Corporation based on a similar dispute. James has since settled his claims against all Defendants except First Progress, which has filed the pending Motion to Compel Arbitration. DISCUSSION In its Motion to Compel Arbitration, First Progress argues that because James accepted the Cardholder Agreement incorporated into the clickwrap agreement, he is bound by the arbitration clause contained in the Cardholder Agreement. First Progress further contends that under that arbitration clause, James’s FCRA claims against First Progress are subject to binding arbitration. James has not filed a memorandum in opposition to the Motion. I. Legal Standard Judges in this District have recognized that “motions to compel arbitration exist in the netherworld between a motion to dismiss and a motion for summary judgment.” Caire v. Conifer Value Based Care, LLC, 982 F. Supp. 2d 582, 589 (D. Md. 2013) (quoting Shaffer v. ACS Gov’t

Servs., Inc., 321 F. Supp. 2d 682, 683 (D. Md. 2004)); PC Const. Co. v. City of Salisbury, 871 F. Supp. 2d 475, 477 (D. Md. 2012). Treating a motion to compel arbitration as a motion for summary judgment is proper where “the formation or validity of the arbitration agreement is in dispute,” Caire, 982 F. Supp. 2d at 589, or where documents outside the pleadings must be considered “to effectively assess the merits of [the] motion,” Shaffer v. ACS Gov’t Servs., Inc., 321 F. Supp. 2d 682, 683-84 (D. Md. 2004); accord PC Const. Co., 871 F. Supp. 2d at 477 (“Whether the motion [to compel arbitration] should be treated as a motion to dismiss or a motion for summary judgment turns on whether the court must consider documents outside the pleadings.”). See also Galloway v. Santander Consumer USA, Inc., 819 F.3d 79, 85 & n.3 (4th Cir. 2016) (stating that under the Federal Arbitration Act, a party seeking a jury trial “must show

genuine issues of material fact regarding the existence of an agreement to arbitrate,” a standard that is “akin to the burden on summary judgment” (quoting Chorley Enters. v. Dickey’s Barbecue Rests., 807 F.3d 553, 564 (4th Cir. 2015))). Here, the Court will apply the summary judgment standard both because it must address whether an arbitration agreement was formed and because addressing this question requires consideration of materials beyond the pleadings. Under Federal Rule of Civil Procedure 56(a), the Court grants summary judgment if the moving party demonstrates that there is no genuine issue as to any material fact, and that the moving party is entitled to judgment as a matter of law. Fed. R. Civ.
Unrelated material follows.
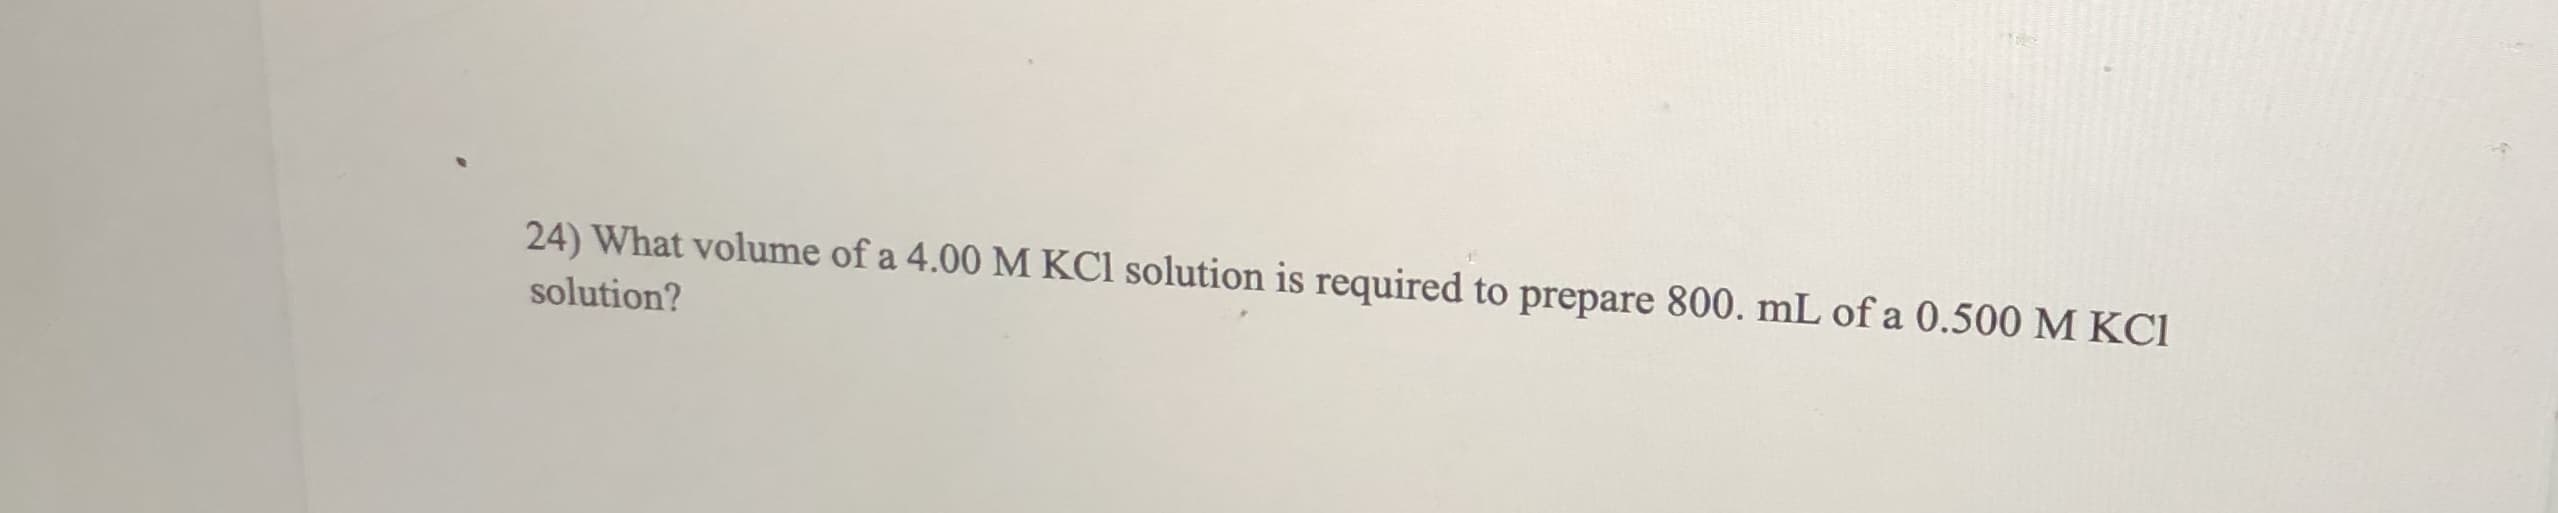 24) What volume of a 4.00 M KCI solution is required to prepare 800. mL of a 0.500 M KCI
solution?

P. 56(a); Celotex Corp. v. Catrett, 477 U.S. 317, 322 (1986). In assessing the Motion, the Court views the facts in the light most favorable to the nonmoving party, with all justifiable inferences drawn in its favor. Anderson v. Liberty Lobby, Inc., 477 U.S. 242, 255 (1986). The Court may rely only on facts supported in the record, not simply assertions in the pleadings. Bouchat v. Balt. Ravens Football Club, Inc., 346 F.3d 514, 522 (4th Cir. 2003). A fact is “material” if it “might affect the outcome of the suit

under the governing law.” Anderson, 477 U.S. at 248. A dispute of material fact is “genuine” only if sufficient evidence favoring the nonmoving party exists for the trier of fact to return a verdict for that party. Id. at 248-49. II. Arbitrability

First Progress’s request to compel arbitration is governed by the Federal Arbitration Act (“FAA”), 9 U.S.C. §§ 1–14 (2018), which provides that: A written provision in . . . a contract evidencing a transaction involving commerce to settle by arbitration a controversy thereafter arising out of such contract or transaction . . . shall be valid, irrevocable, and enforceable, save upon such grounds as exist at law or in equity for the revocation of any contract. Id. § 2.